Index Terms—mixed signal, neural networks, analog memory, dual row, dual array

# I. INTRODUCTION

Neural networks have found widespread application in numerous fields including computer vision [1]–[5], natural language processing [6], [7], fraud detection [8], [9], autonomous technologies [10], [11], healthcare [12], [13], and behavioral prediction [14], [15]. As neural networks become larger and more complex there is a growing concern about power consumption, especially for edge devices that have limited energy sources. This has led to an increase in research for smaller and more efficient neural networks which include techniques to reduce the networks size such as pruning and weight dropout [16], [17], and thus have the potential to operate on the edge since they can be scaled down in size and complexity.

Neural networks can be designed using digital or mixedsignal architectures [18], [19]. Digital neural networks perform all calculations related to the vector matrix multiplication (VMM) in the digital domain [20]. In contrast, mixed-signal neural networks perform the VMM in the analog domain and convert the result to the digital domain for further processing [21]. In particular, mixed-signal neural networks outperform the digital ones in energy efficiency [22] due to the usage of

The authors are with the Electrical and Computer Engineering Department, Wayne State University, Detroit, USA (email: ev7854@wayne.edu, nabil.sarhan@wayne.edu, alhawari@wayne.edu).

Corresponding author is Melvin D. Edwards II.

This work was supported by the National Science Foundation (NSF) under grant number 2221753.



Fig. 1. A high-level schematic of (a) Generic dual array and (b) generic dual row.

memory technologies that enables in-memory computations and thus substantially reduce the energy of data transfer.

A key component in mixed-signal neural networks is the memory to store the values of the weights. Analog memory technologies that provide in-memory computation include embedded flash memory, Resistive RAM (RRAM), Phase-Change RAM (PCRAM), and Magnetic RAM (MRAM). Other memory technologies can be used to implement nearmemory computation, such as SRAM that stores the weights digitally and then convert them to analog using pulse width modulation. The interest in multi-level circuits has grown to realize a CMOS-based, multi-bit, analog memory circuits that can perform near memory computation, where the weights are stored in analog domain [23].

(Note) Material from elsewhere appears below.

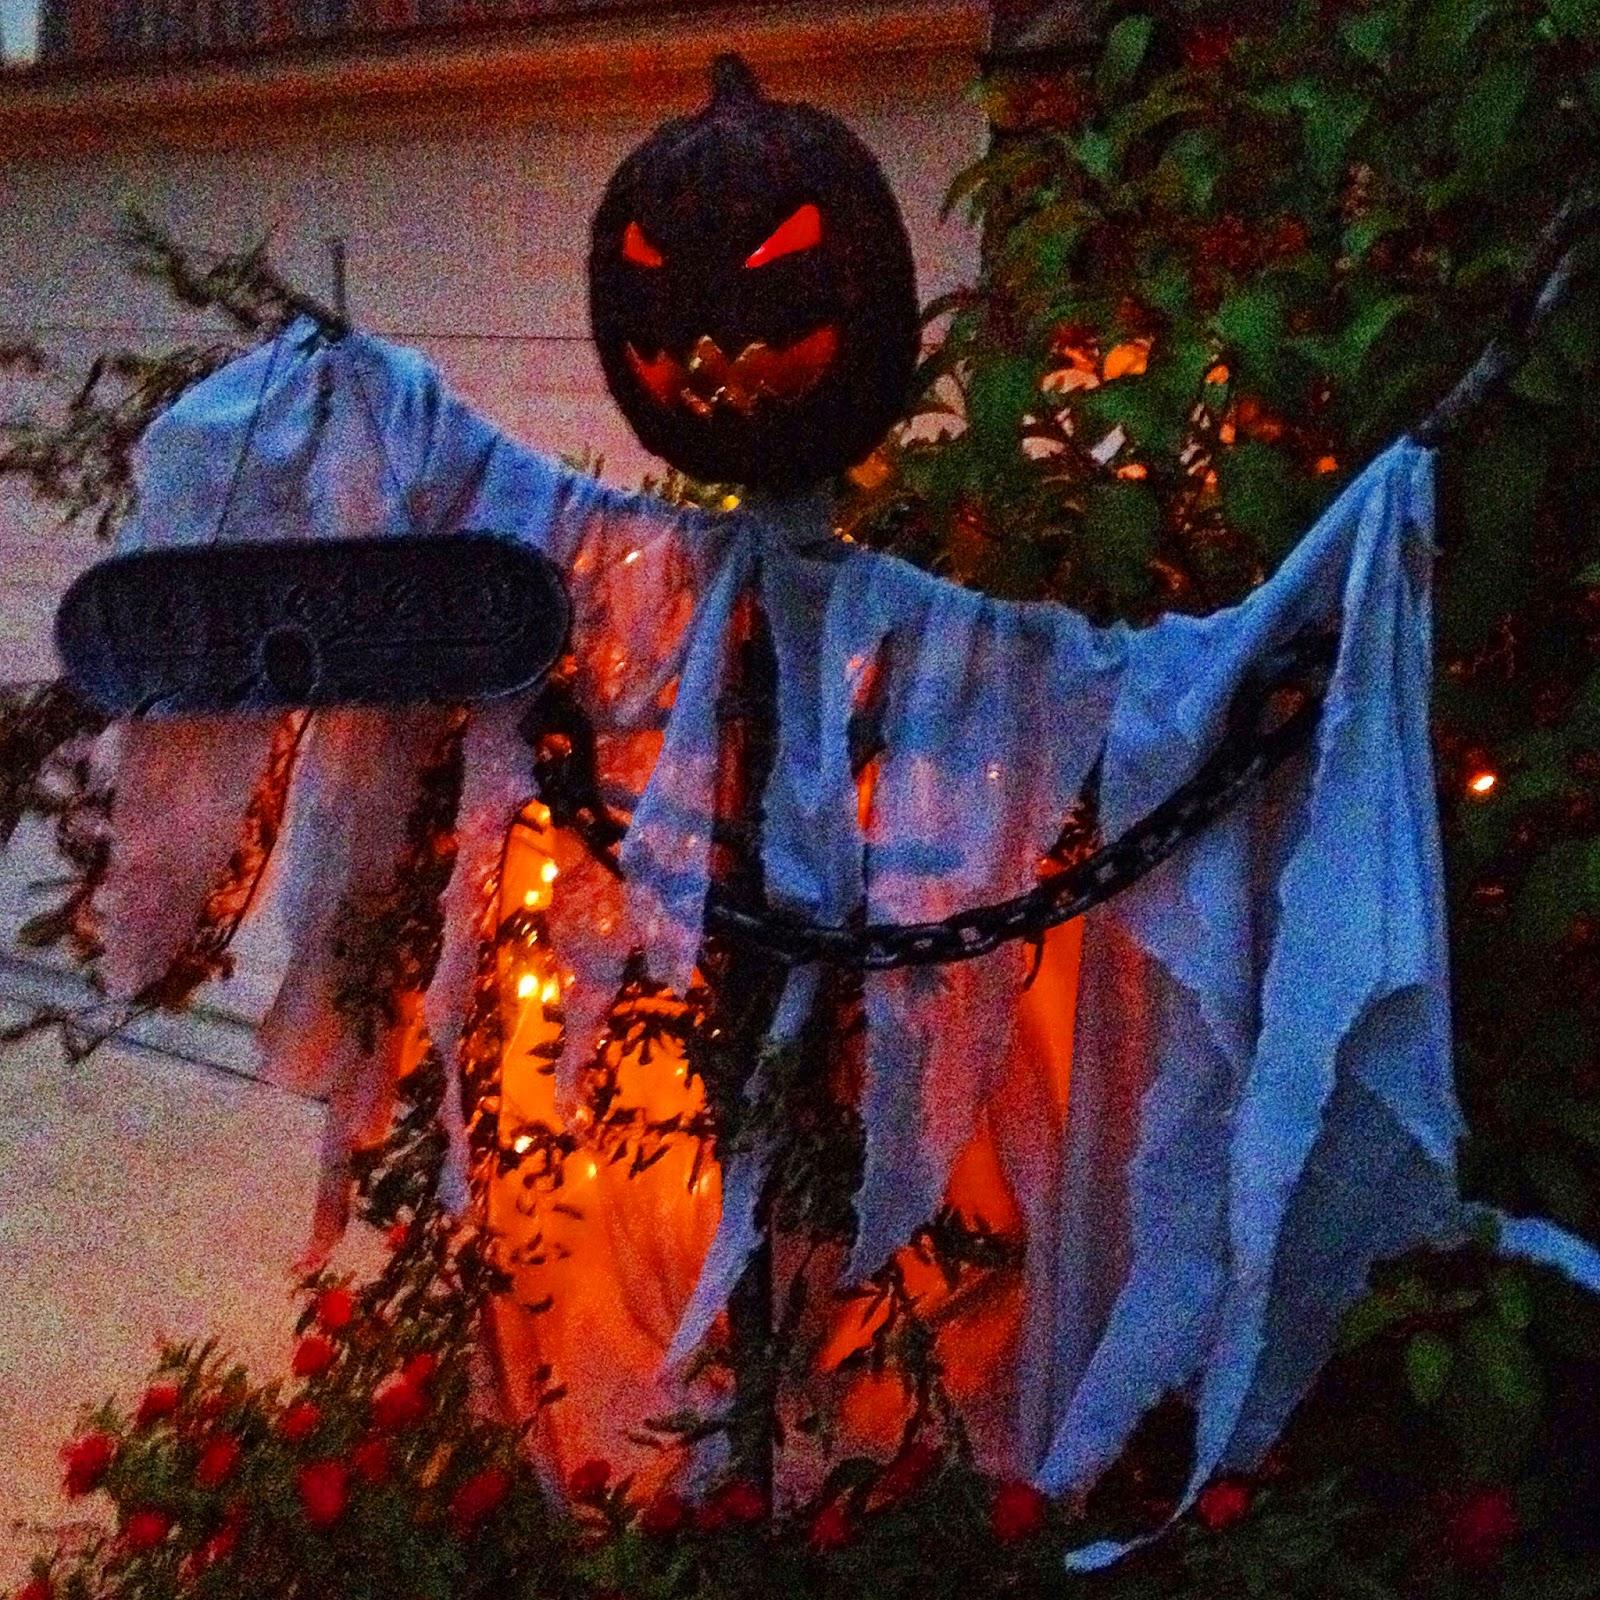 Crafty In Crosby: Creepy Pumpkin Scarecrow
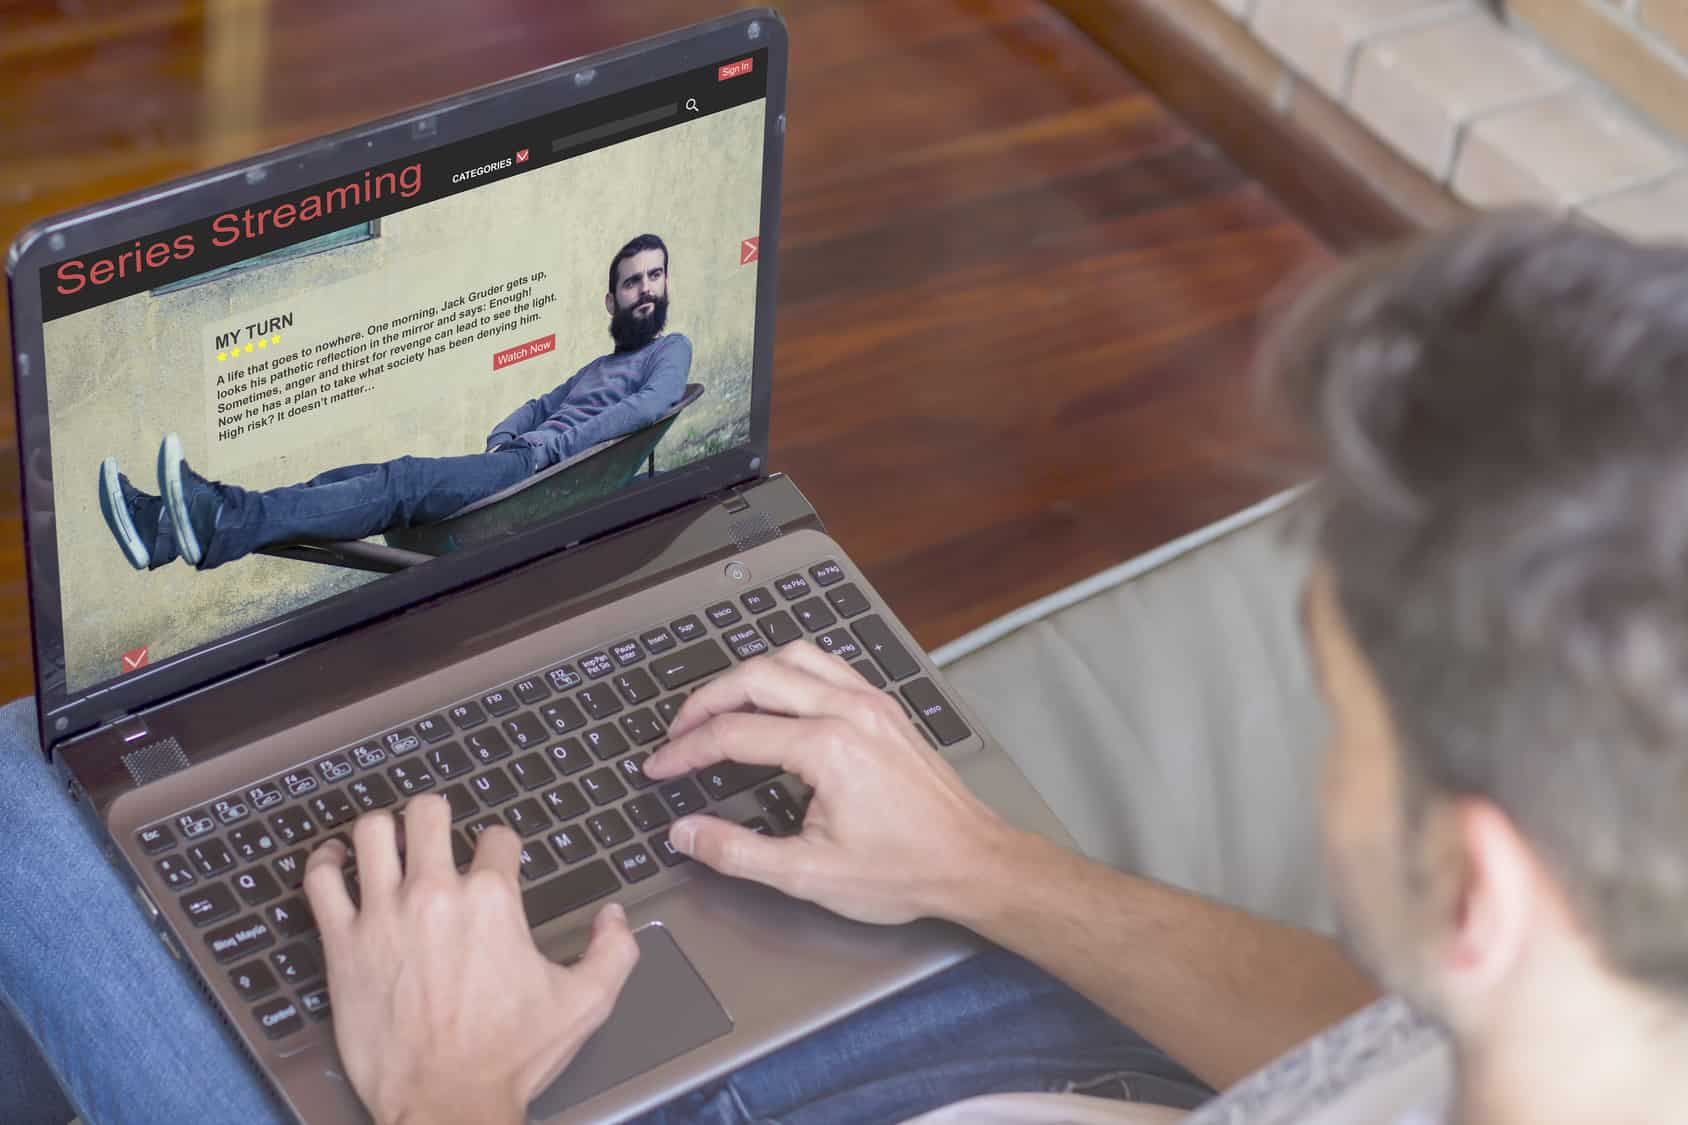 Netflix subirá 10% el precio de su plan más popular en Estados Unidos, una medida que podría aumentar sus ganancias pero a costa de frenar sus suscriptores.

VMMs require signed operation since the weights can be positive or negative values. There are two ways to accomplish signed operations: dual array and dual row architectures as shown in Figures 1 (a) and (b), respectively [24]–[27]. The dual array implementation shown in Figure 1(a) uses two identical sub-arrays within a crossbar to subtract the partial products in the digital domain. In contrast, the dual row



Fig. 2. Dual row architecture.



Fig. 3. Dual array architecture.

implementation displayed in Figure 1(b) uses two identical memories which have an equal magnitude and opposite sign applied to each memory for subtraction in the analog domain. Each approach has advantages and disadvantages over the other which are discussed throughout this paper.

This paper investigates the design decisions and constraints that come with the dual row and dual array approaches to implementing signed operations in mixed-signal neural networks. This investigation will be carried out through the use of a case study topology which uses an analog multi-level memory, developed by the authors. This paper is organized as follows. Section II will present and explain the two architectures, dual array and dual row. Section III will provide simulation results which form the basis of the design decisions. Section IV will conclude the paper.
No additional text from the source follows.